# grandma, grandad



## pacificblue

My mum and dad are about to become grandparents for the first time and are trying to figure out what they want to be called.  In NZ all we really call grandparents is just that ... Grandma and Grandpa but they think it's a little boring.

The child is going to be half Italian, half Kiwi.  Any suggestions (and pronunciation?)



[Edit]
Ummm just so you know (and since I don't know how to move this thread) I'm wanting non-english/italian words as I already know those ...


----------



## mercedesm

hello! in Italy we call them Nonno (grandpa) and Nonna (grandma).
easy and cute for children to pronounce...
for pronounciation.. I'll wait for some english native...
ciao
mercedes

[Edit]
oopps, sorry too late!!


----------



## Maja

In Serbian:

grandma - baba/baka (баба/бака)
grandpa - deda/deka (деда/дека)


----------



## optimistique

In Dutch we call them:

grandma = *oma  *
grandad = *opa*

The pronunciation is more or less the same as you would pronounce it in English, only probably a little bit shorter in the vowels.

In French they say respectively *mamy *and *papy* (pronunciation = approx. 'mummy' and 'puppy', only a bit more of a European 'a' and the stress is on the last syllable).


----------



## robbie_SWE

In Romanian we say "*mamaia/e*" and "*tataia/e*". I think it's quite cute (I still call my grandma for mamaia). 

In Swedish we say "*mormor (mother of the mother) or farmor (mother of the father)*" and "*morfar (father of the mother) or farfar (father of the**father)*". 

Hope this gave you some inspiration! 

+ CONGRATULATIONS FOR THE BABY


----------



## Etcetera

In Russian:
Grandma - бабушка (babushka),
Grandpa - дедушка (dedushka) or дед (ded). The second sounds a bit too formal.


----------



## linguist786

In *Gujarati, Hindi & Urdu*, it depends on whether they are maternal or paternal grandparents.
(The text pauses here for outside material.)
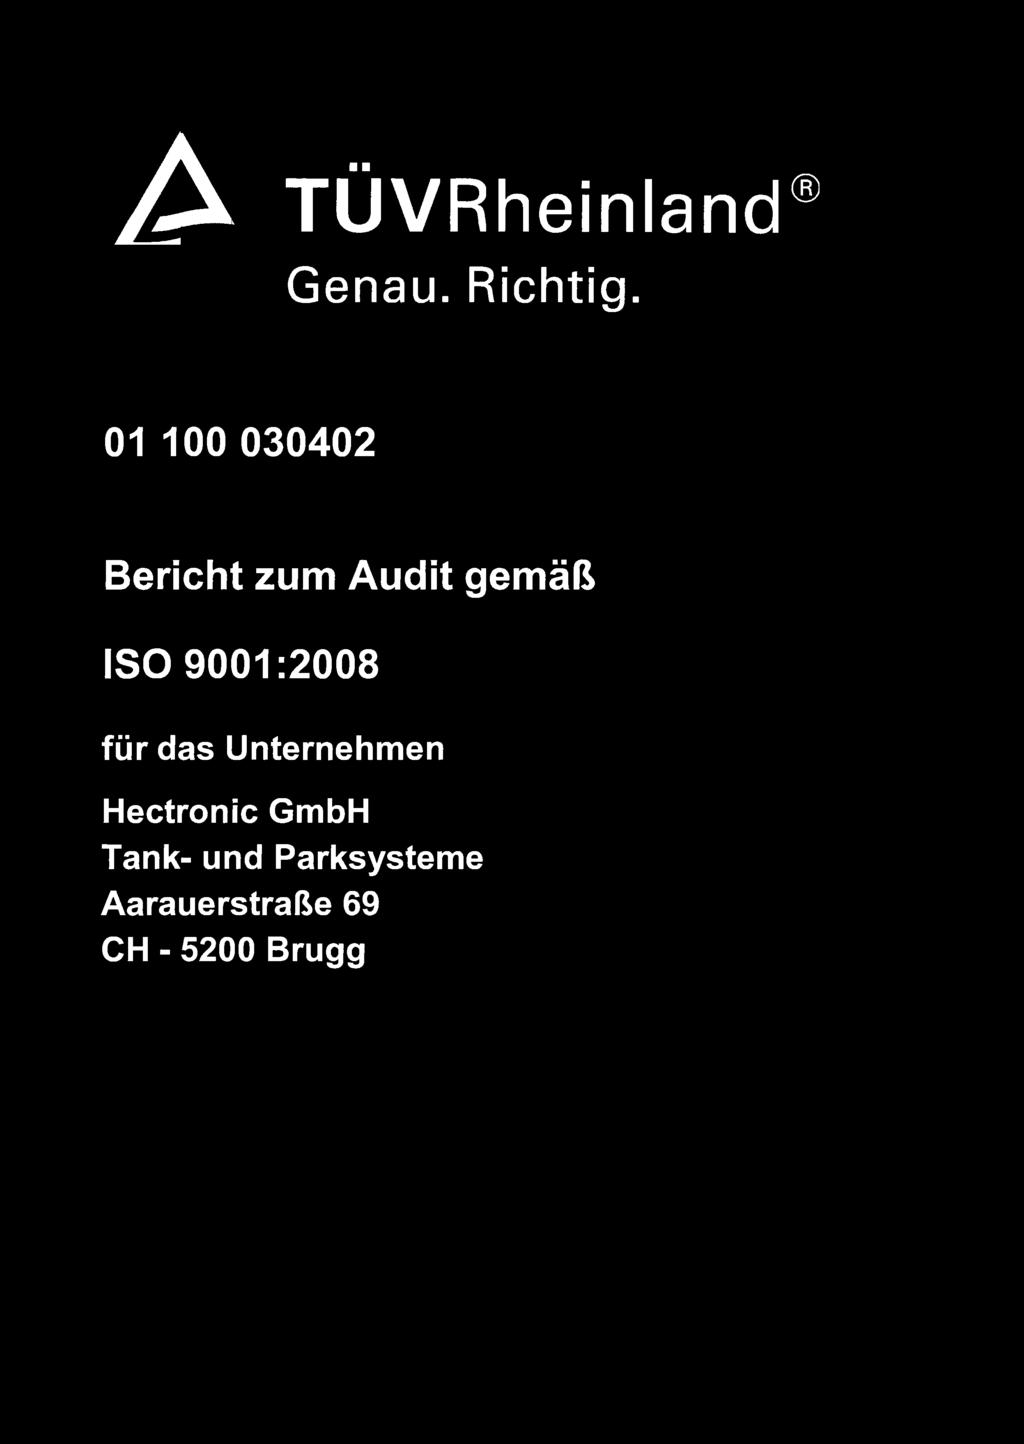 Jk TÜVRheinland 01 100 030402 Bericht zum Audit gemäß ISO
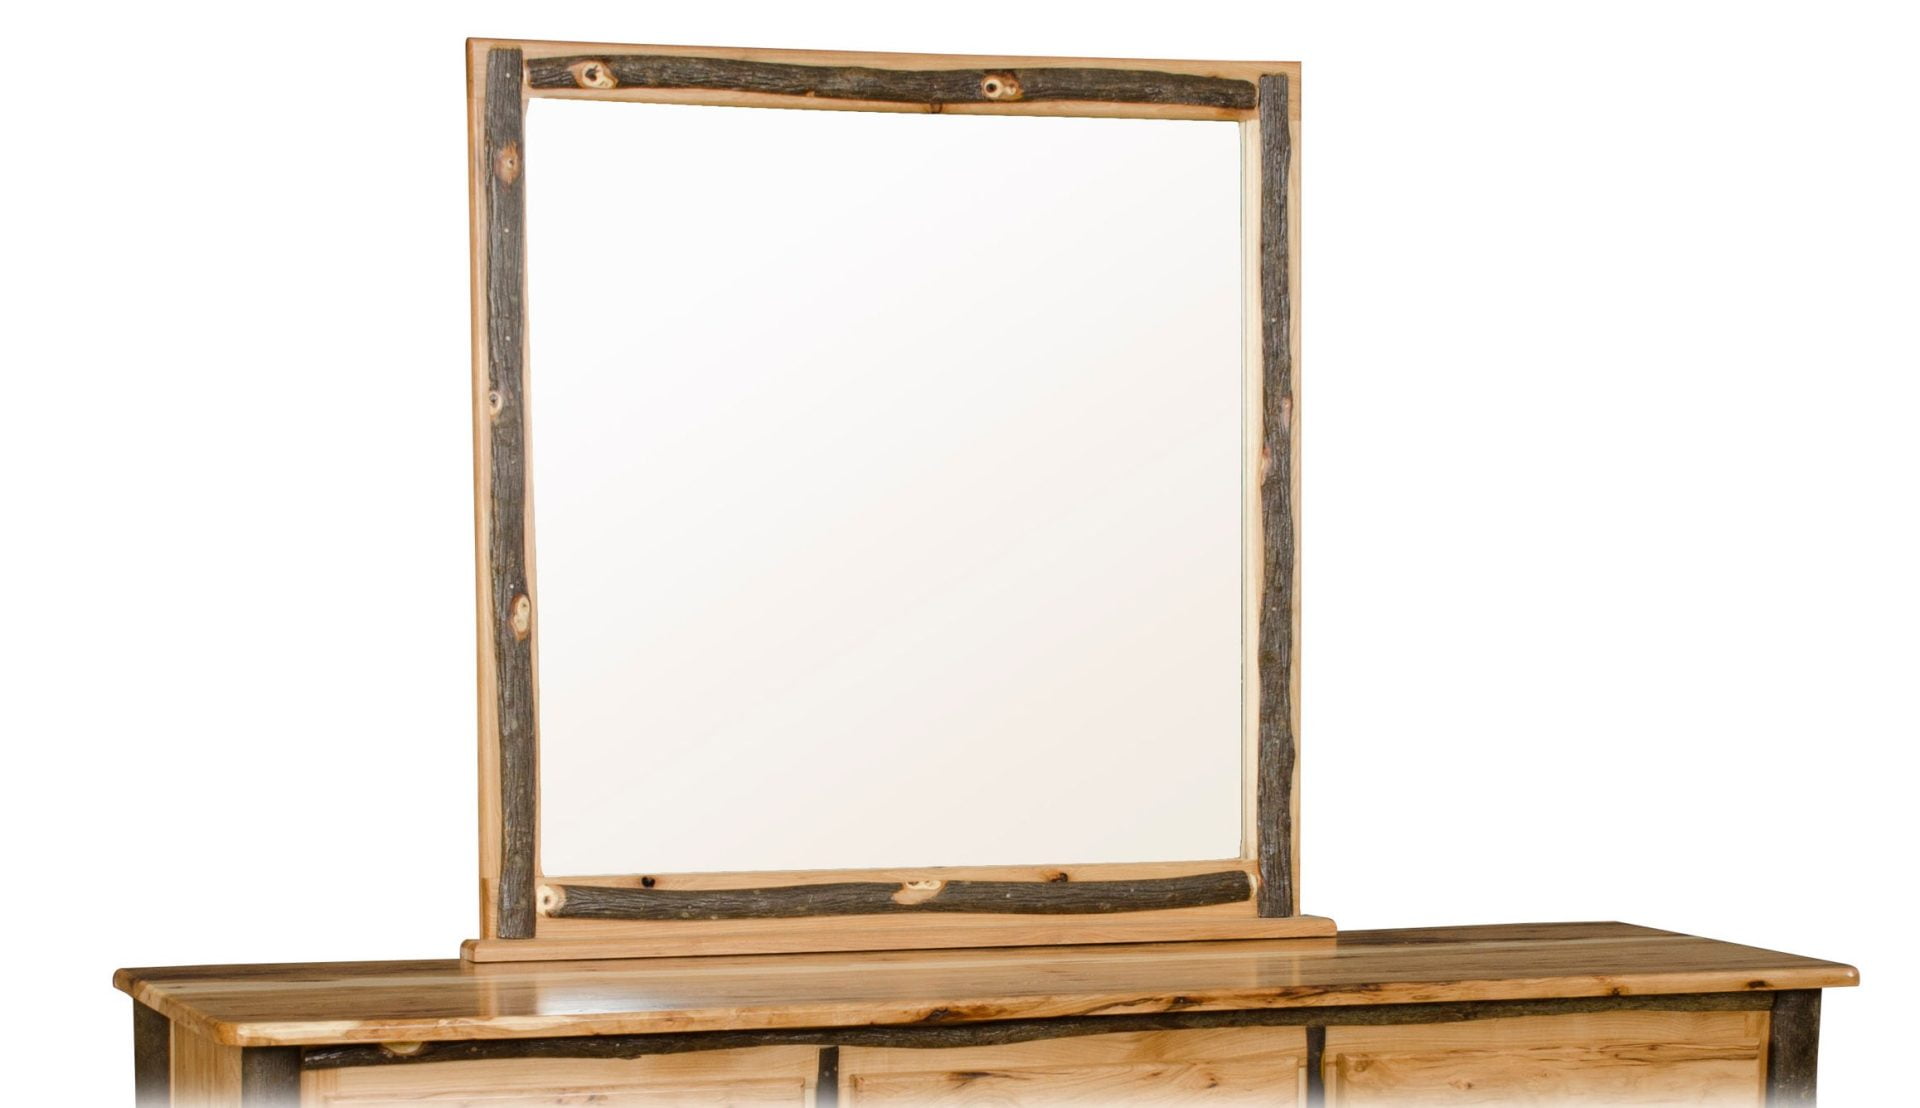 Square Bedroom Mirror Frame – Rustic Hickory Log Trim

naanaa + naani (grandpa + grandma) - MATERNAL
daadaa + daadi (grandpa + grandma) - PATERNAL


----------



## Pivra

Maternal- Ta Yay = Grandp GrandM  (yay like hay in Spanish)
Paternal- Pu  Ya = GrandP  GrandM 

or  Aiyata and Aiyika but these two words are not very common


----------



## ronanpoirier

Portuguese:


Avô (Vovô) = Grandfather (Grandpa)

Avó (Vovó) = Grandmother (Grandma)


----------



## ILT

In Spanish we have the usual *abuelita* (granma) and *abuelito* (grandpa), and from there many kids "invent" their own variations:

Grandma:
ita
ata
titi
tita
nana
yaya

Grandpa:
ito
oto
tata
tito


----------



## french4beth

Some English alternatives:
Grammy, Grampy (one friend is called "Grumpy" due to his personality)
Nana and Poppa
Maw-Maw and Paw-Paw

Another neighbor is called "Bobby" by her grandchildren (no idea why as her first name is Beverly).

Here's another site: http://en.wikipedia.org/wiki/Grandparents


----------



## panjabigator

linguist786 said:
			
		

> In *Gujarati, Hindi & Urdu*, it depends on whether they are maternal or paternal grandparents.
> 
> naanaa + naani (grandpa + grandma) - MATERNAL
> daadaa + daadi (grandpa + grandma) - PATERNAL



Identical in Punjabi, but people also say "bebe" for paternal grandma.


----------



## Honour

turkish
grandma: either *annanne* or *büyükanne* for mother of mum, *babanne* (mother of dad)
grandpa: either *dede* for both or *büyükbaba* for father of dad


----------



## Nineu

Basque:
Grandmother: amoma/amona/amama
Grandfather:  aitite/aitita/aitata/aitona

It depends on the zone of Basque Country.


----------



## Cereth

in Japanese it is:
Grandmother: Obaasan
Grandma/granny: Obaachan / bachan
Grandfather: Ojiisan
Grandpa: Ojiichan/jiichan

i think there´s more , but these are the ones i know, in spanish we also say : agüelo(a) bilito (a) they are not so common i think ILT say most common ones


----------



## panjabigator

Obaasan was the name of a book from Joy Kogawa, we had to read it in school.  I completely forgot the meaning...


----------



## linguist786

panjabigator said:
			
		

> Identical in Punjabi, but people also say "bebe" for paternal grandma.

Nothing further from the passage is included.